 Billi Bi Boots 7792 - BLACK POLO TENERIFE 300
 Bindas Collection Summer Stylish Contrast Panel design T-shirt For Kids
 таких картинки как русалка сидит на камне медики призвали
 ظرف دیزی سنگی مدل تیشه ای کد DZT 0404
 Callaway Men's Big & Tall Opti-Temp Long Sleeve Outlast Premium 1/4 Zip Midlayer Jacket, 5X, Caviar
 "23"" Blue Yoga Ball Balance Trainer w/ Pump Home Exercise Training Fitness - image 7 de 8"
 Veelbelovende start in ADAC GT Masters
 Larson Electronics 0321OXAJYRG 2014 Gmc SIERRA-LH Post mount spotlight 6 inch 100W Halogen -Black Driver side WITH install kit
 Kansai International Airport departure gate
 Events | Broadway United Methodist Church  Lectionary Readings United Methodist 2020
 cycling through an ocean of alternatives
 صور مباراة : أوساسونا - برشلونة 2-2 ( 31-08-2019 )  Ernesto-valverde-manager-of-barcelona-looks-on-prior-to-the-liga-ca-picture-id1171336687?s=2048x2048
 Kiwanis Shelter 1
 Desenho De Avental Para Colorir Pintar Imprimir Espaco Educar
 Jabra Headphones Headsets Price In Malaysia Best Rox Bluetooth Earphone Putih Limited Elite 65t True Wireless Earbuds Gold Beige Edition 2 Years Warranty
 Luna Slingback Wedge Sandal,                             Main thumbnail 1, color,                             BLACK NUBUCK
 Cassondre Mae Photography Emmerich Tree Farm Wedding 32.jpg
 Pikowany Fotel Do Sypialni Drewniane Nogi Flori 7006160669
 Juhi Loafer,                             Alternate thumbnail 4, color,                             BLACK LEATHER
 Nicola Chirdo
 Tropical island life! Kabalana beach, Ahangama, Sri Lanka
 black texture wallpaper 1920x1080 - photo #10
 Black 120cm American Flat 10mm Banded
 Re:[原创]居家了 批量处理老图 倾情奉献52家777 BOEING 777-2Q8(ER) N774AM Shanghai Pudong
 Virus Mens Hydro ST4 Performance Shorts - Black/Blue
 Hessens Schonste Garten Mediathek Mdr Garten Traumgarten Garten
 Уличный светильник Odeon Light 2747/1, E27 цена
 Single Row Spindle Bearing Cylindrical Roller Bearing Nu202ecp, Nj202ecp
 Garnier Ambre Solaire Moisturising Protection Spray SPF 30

▶ [WHAT IS EXPECTED]:
Set down every entry again, exactly as written.

▶ [FINAL ANSWER]:
 Billi Bi Boots 7792 - BLACK POLO TENERIFE 300
 Bindas Collection Summer Stylish Contrast Panel design T-shirt For Kids
 таких картинки как русалка сидит на камне медики призвали
 ظرف دیزی سنگی مدل تیشه ای کد DZT 0404
 Callaway Men's Big & Tall Opti-Temp Long Sleeve Outlast Premium 1/4 Zip Midlayer Jacket, 5X, Caviar
 "23"" Blue Yoga Ball Balance Trainer w/ Pump Home Exercise Training Fitness - image 7 de 8"
 Veelbelovende start in ADAC GT Masters
 Larson Electronics 0321OXAJYRG 2014 Gmc SIERRA-LH Post mount spotlight 6 inch 100W Halogen -Black Driver side WITH install kit
 Kansai International Airport departure gate
 Events | Broadway United Methodist Church  Lectionary Readings United Methodist 2020
 cycling through an ocean of alternatives
 صور مباراة : أوساسونا - برشلونة 2-2 ( 31-08-2019 )  Ernesto-valverde-manager-of-barcelona-looks-on-prior-to-the-liga-ca-picture-id1171336687?s=2048x2048
 Kiwanis Shelter 1
 Desenho De Avental Para Colorir Pintar Imprimir Espaco Educar
 Jabra Headphones Headsets Price In Malaysia Best Rox Bluetooth Earphone Putih Limited Elite 65t True Wireless Earbuds Gold Beige Edition 2 Years Warranty
 Luna Slingback Wedge Sandal,                             Main thumbnail 1, color,                             BLACK NUBUCK
 Cassondre Mae Photography Emmerich Tree Farm Wedding 32.jpg
 Pikowany Fotel Do Sypialni Drewniane Nogi Flori 7006160669
 Juhi Loafer,                             Alternate thumbnail 4, color,                             BLACK LEATHER
 Nicola Chirdo
 Tropical island life! Kabalana beach, Ahangama, Sri Lanka
 black texture wallpaper 1920x1080 - photo #10
 Black 120cm American Flat 10mm Banded
 Re:[原创]居家了 批量处理老图 倾情奉献52家777 BOEING 777-2Q8(ER) N774AM Shanghai Pudong
 Virus Mens Hydro ST4 Performance Shorts - Black/Blue
 Hessens Schonste Garten Mediathek Mdr Garten Traumgarten Garten
 Уличный светильник Odeon Light 2747/1, E27 цена
 Single Row Spindle Bearing Cylindrical Roller Bearing Nu202ecp, Nj202ecp
 Garnier Ambre Solaire Moisturising Protection Spray SPF 30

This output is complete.